Aims: Clinical and pre-clinical studies have demonstrated that alcohol abuse, aging, diabetes and rheumatoid arthritis are associated with increased risk of fractures compounded with impaired fracture repair. We note that these and other pathologies are characterized by chronic inflammation (CI) as a risk factor. How these CI pathologies inhibit bone repair is unclear, but one candidate mediator is endotoxin (lipopolysaccharide/LPS). LPS promotes inflammation and is present in increased serum concentrations in some inflammatory conditions. The distraction osteogenesis (DO) model developed in this laboratory provides the opportunity to isolate and study the effects of CI on direct bone formation during bone regeneration. The aim of this study was to determine whether endotoxin at concentrations that mimic levels reported in chronic inflammatory conditions would impair bone formation in a mouse model of DO.

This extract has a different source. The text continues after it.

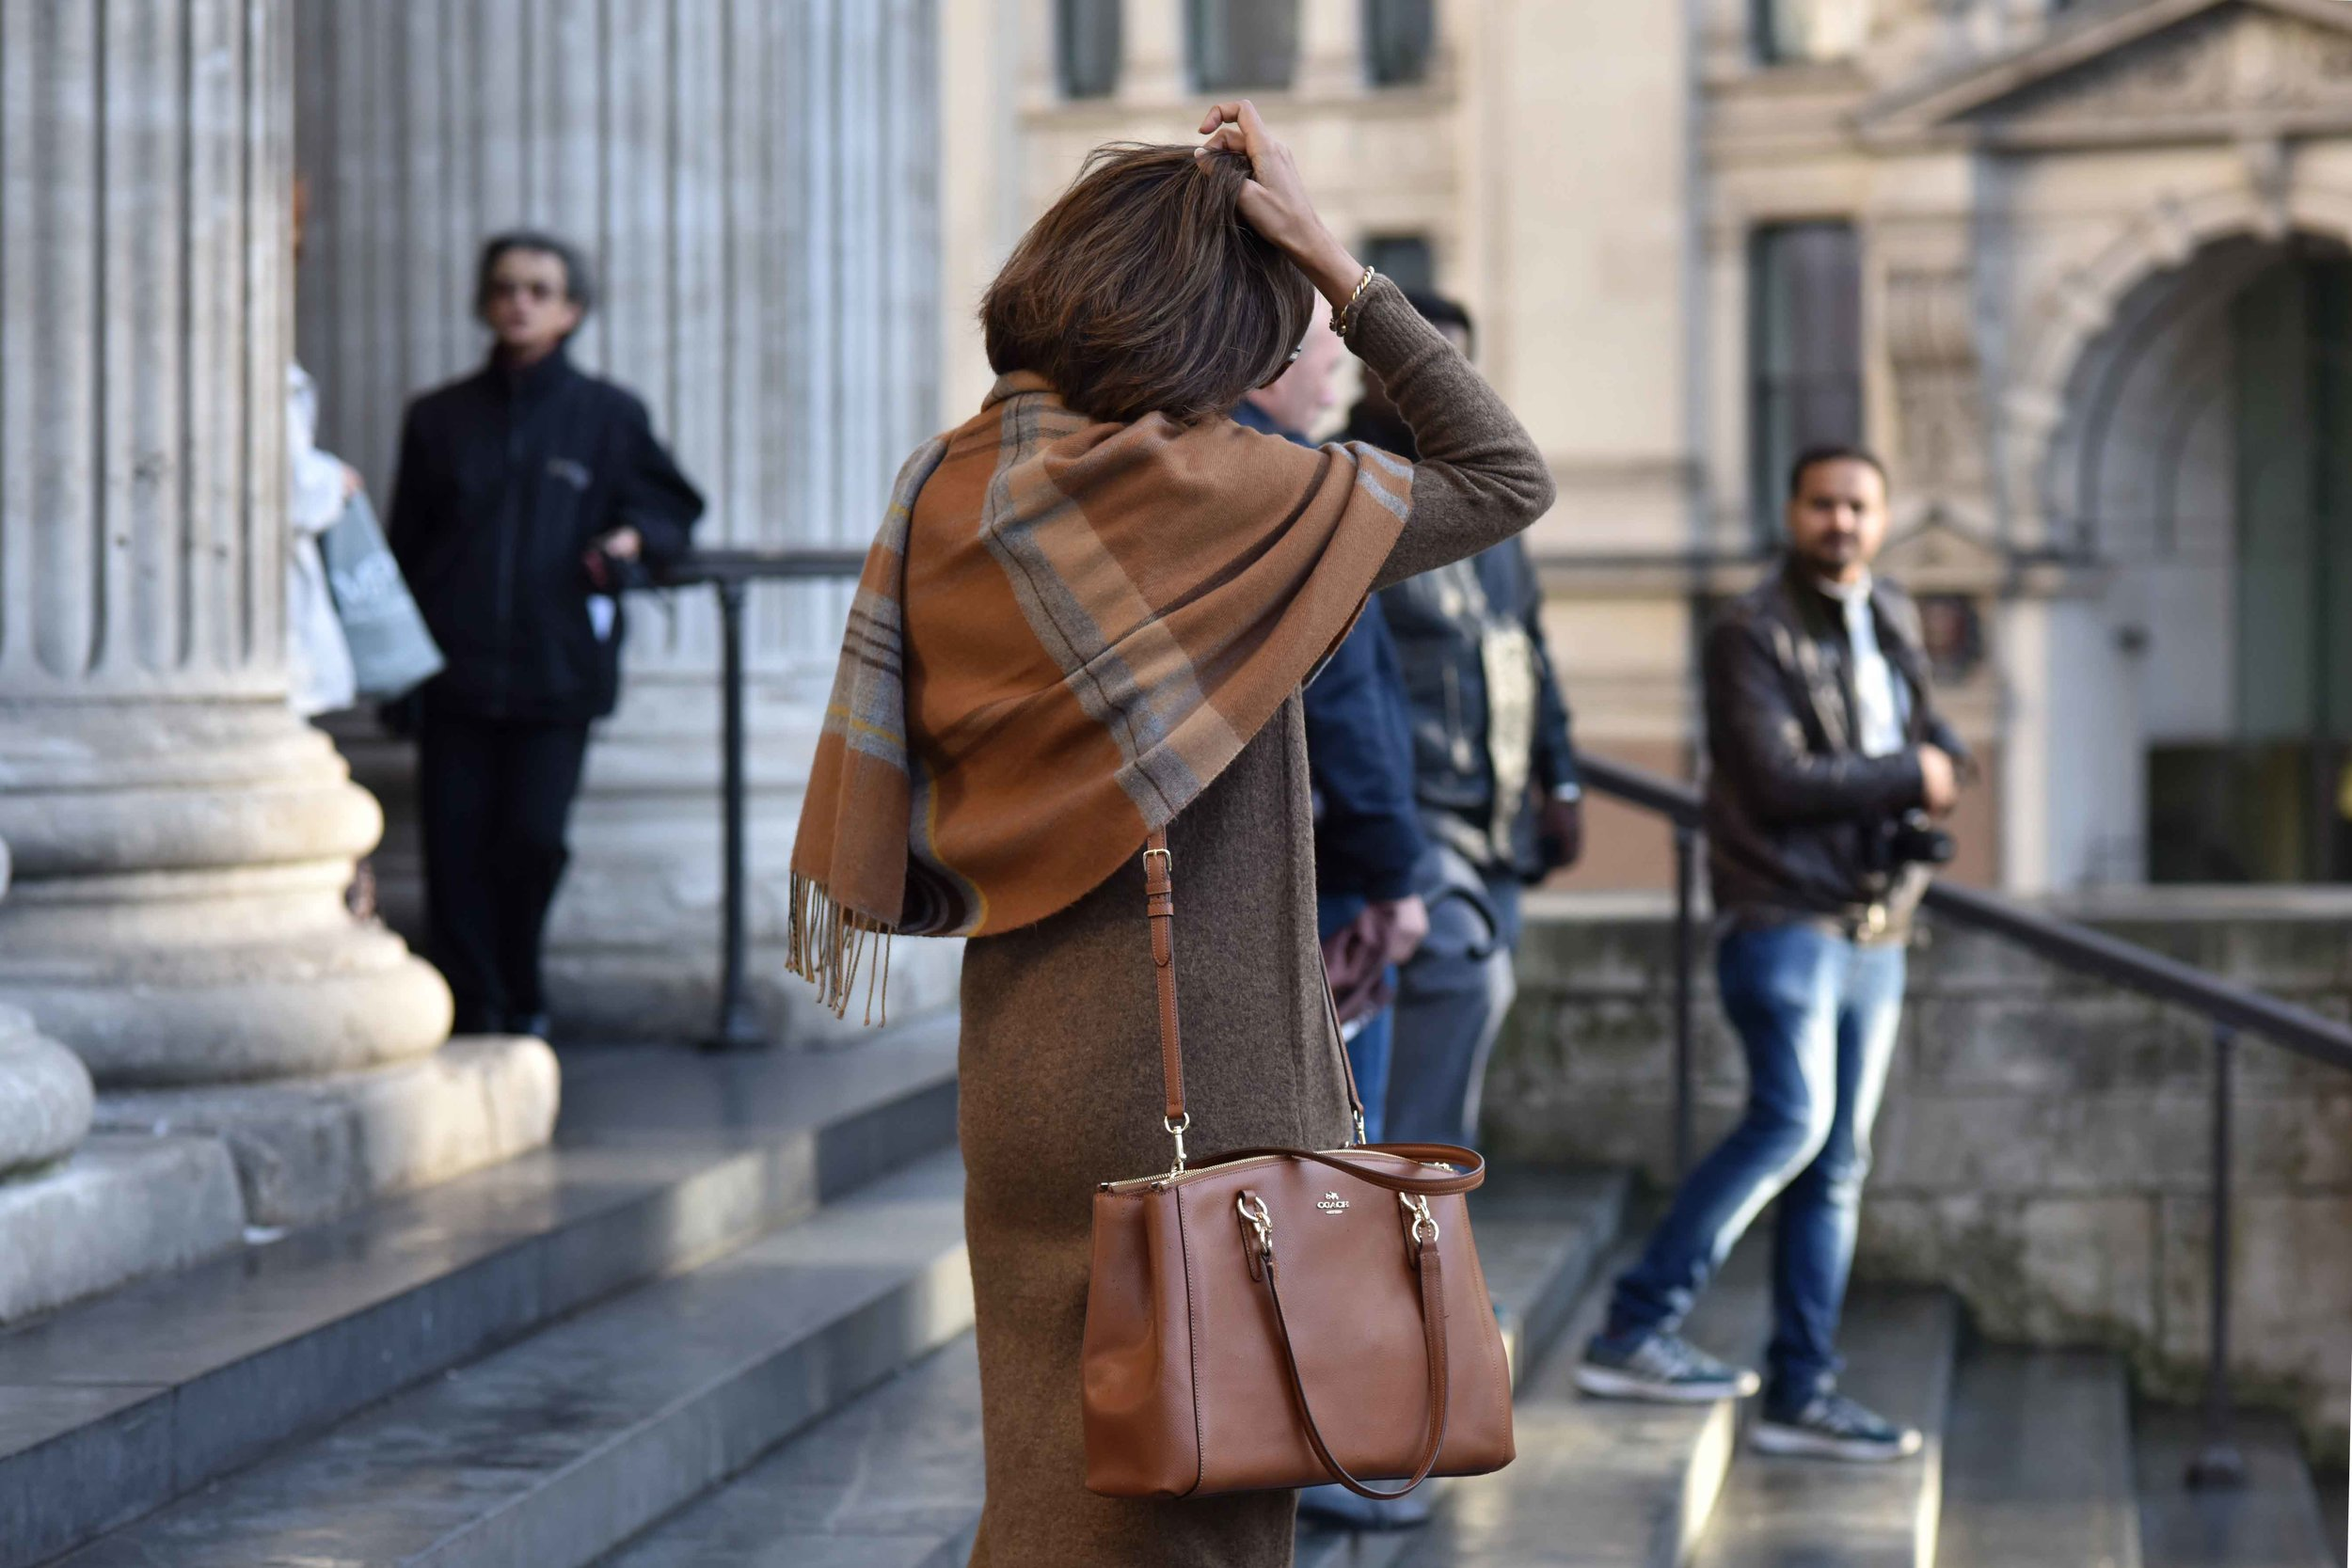 Marks & Spencer sweater dress, Marks & Spencer plaid scarf, Coach handbag. Photo: Alizeh Latif. Image©sourcingstyle.com.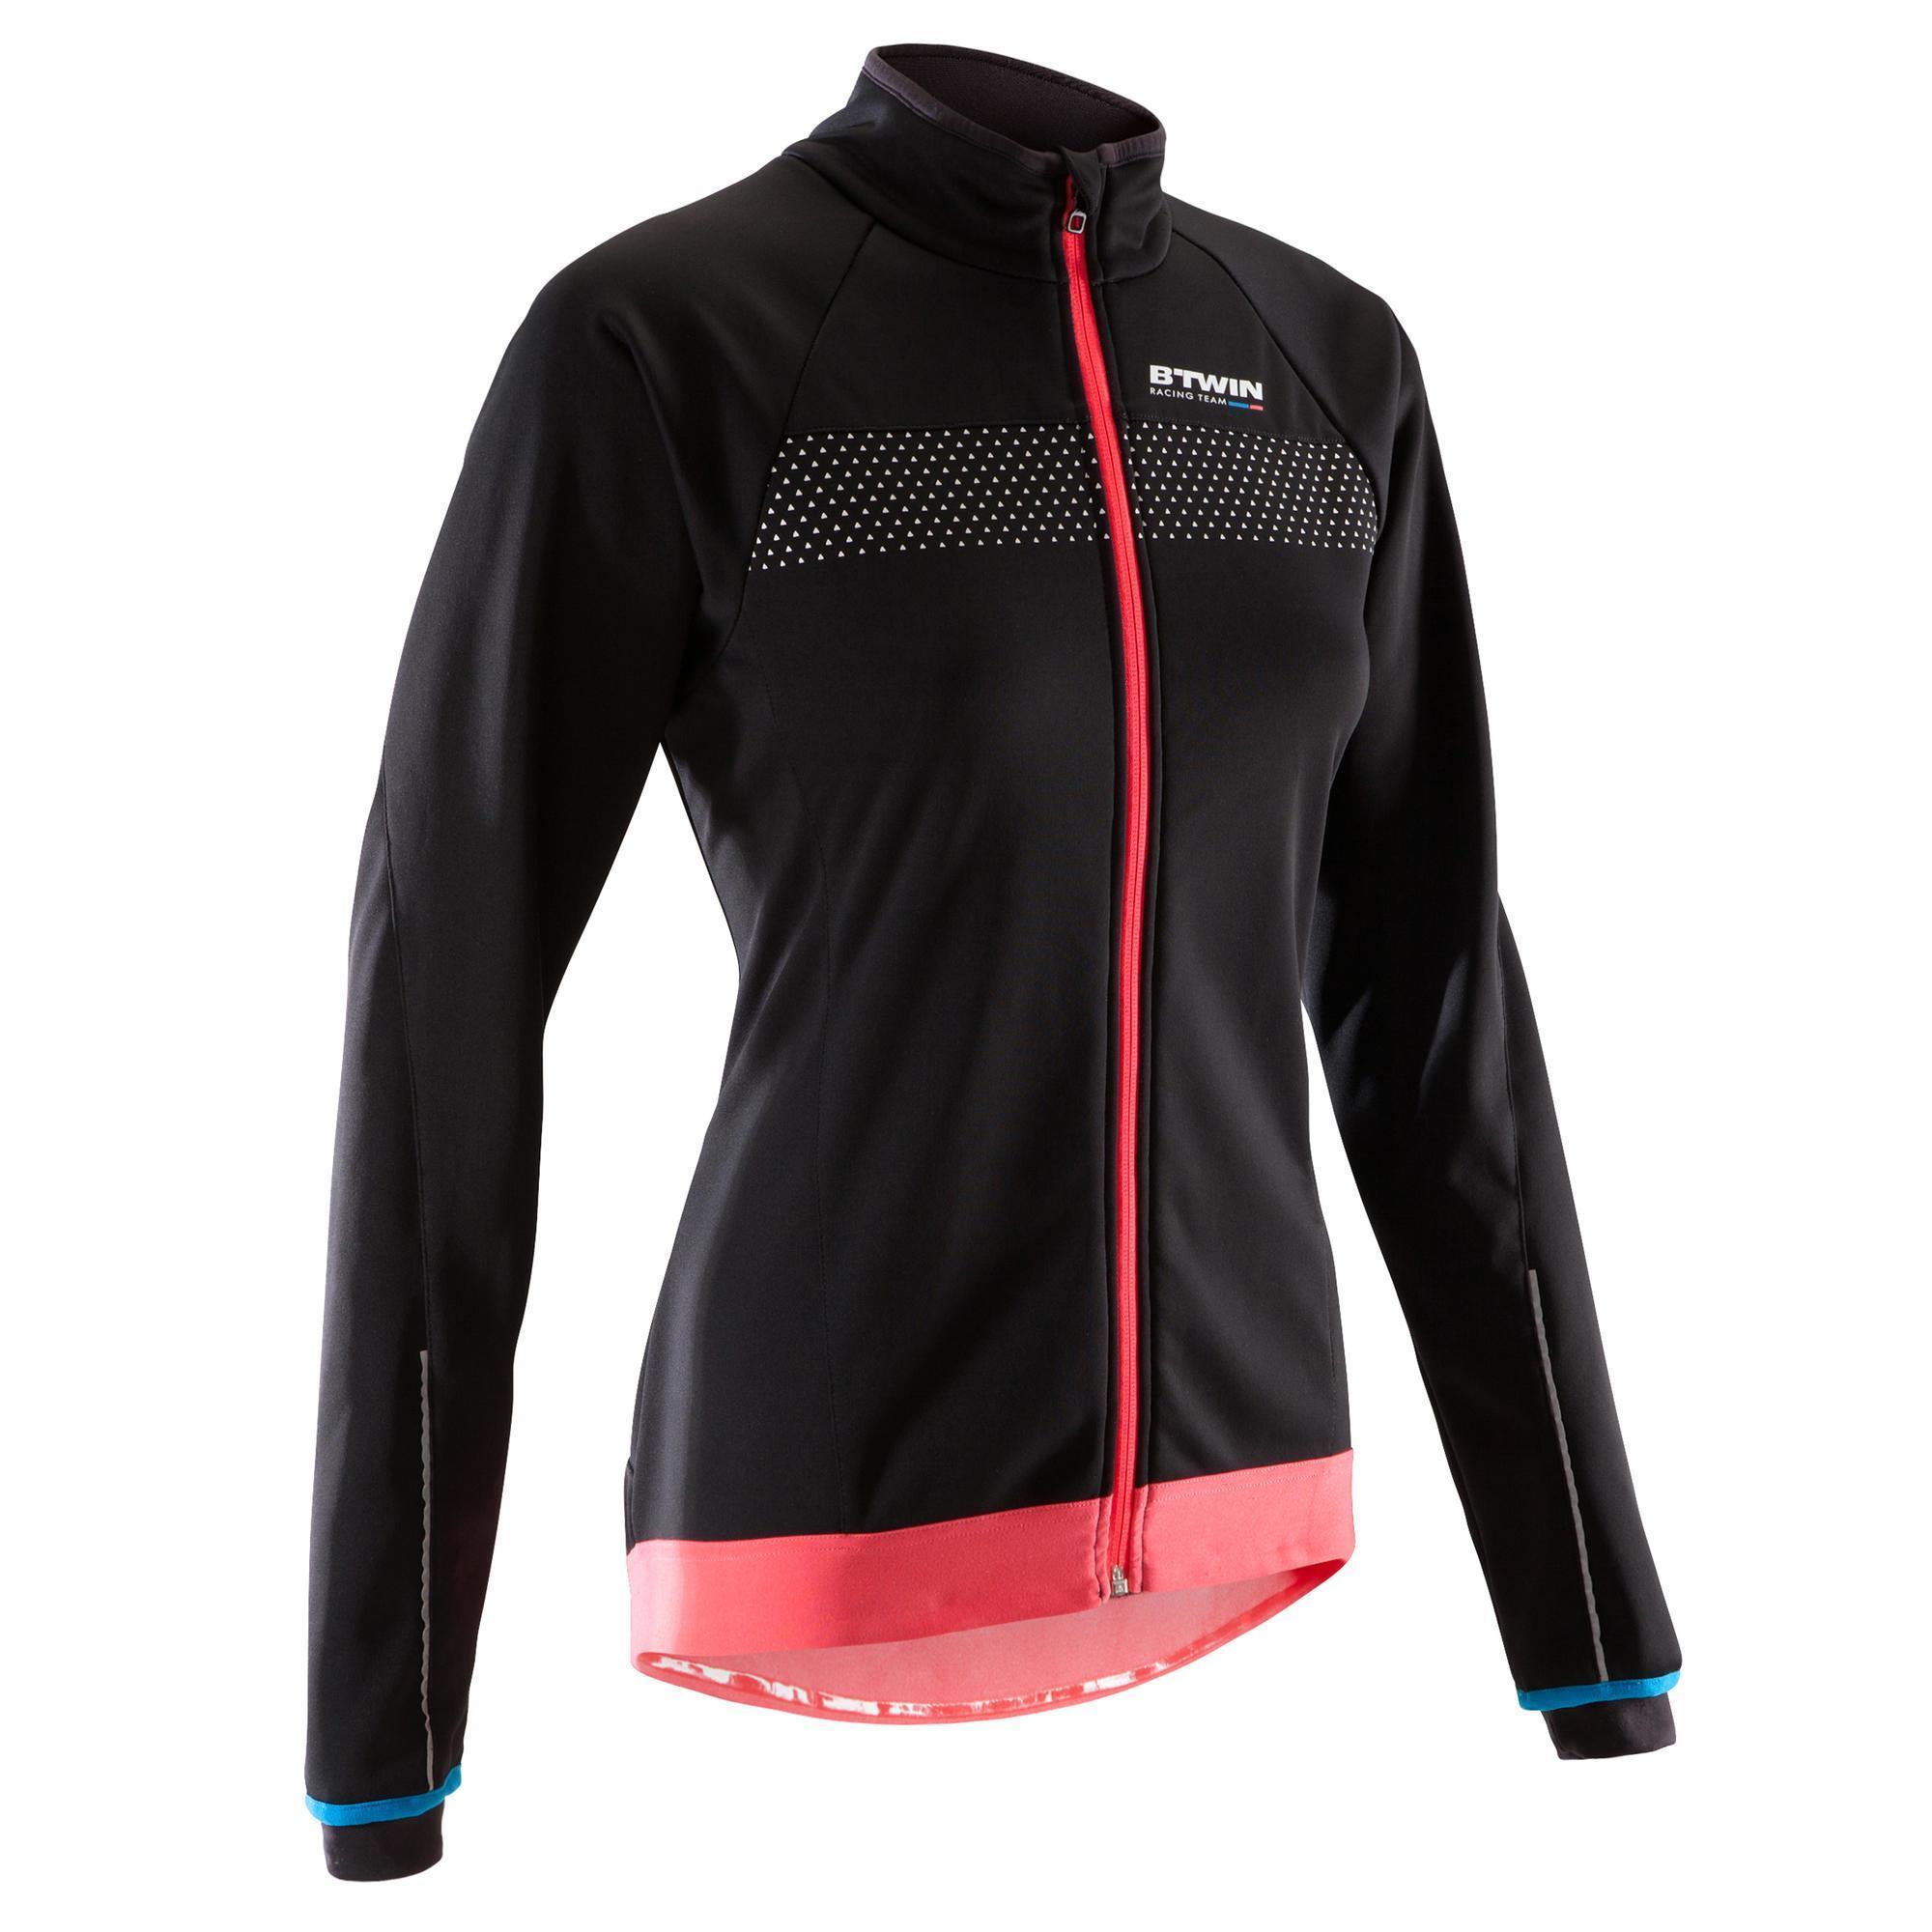 0071562fc12 Chaqueta ciclismo carretera INVIERNO 900 MUJER negra Van rysel | Decathlon

Study Design: Mouse bone repair study.
Place and Duration of Study: Arkansas Children's Hospital Research Institute, Little Rock, Arkansas, April to June 2009.
Methodology: LPS or vehicle (PBS) was chronically administered to 11-week old mice via alzet pump. Mice underwent the DO protocol concurrently with LPS administration. Radiographic and histologic quantitation was performed on the DO gap to determine the amount of new bone formed.
Results: Radiographic (51.9 ± 7% vehicle vs 21.0 ± 7.3% LPS: P < .01) and histologic (68.1 ± 8.5% vehicle vs 33.6 ±10.3% LPS; P < .02) results indicate that bone formation during DO was significantly decreased in LPS treated versus vehicle treated mice.
Conclusion: The magnitude of the osteoinhibitory effects of systemic LPS in this mouse model of CI was equivalent to two months of ethanol treatment, 24 months of aging, or two months of Type 1 diabetes. These results support the hypothesis that LPS exposure could be responsible for the decreased bone formation observed in chronic inflammatory conditions.

Keywords :

Endotoxemia; LPS; mouse; distraction osteogenesis.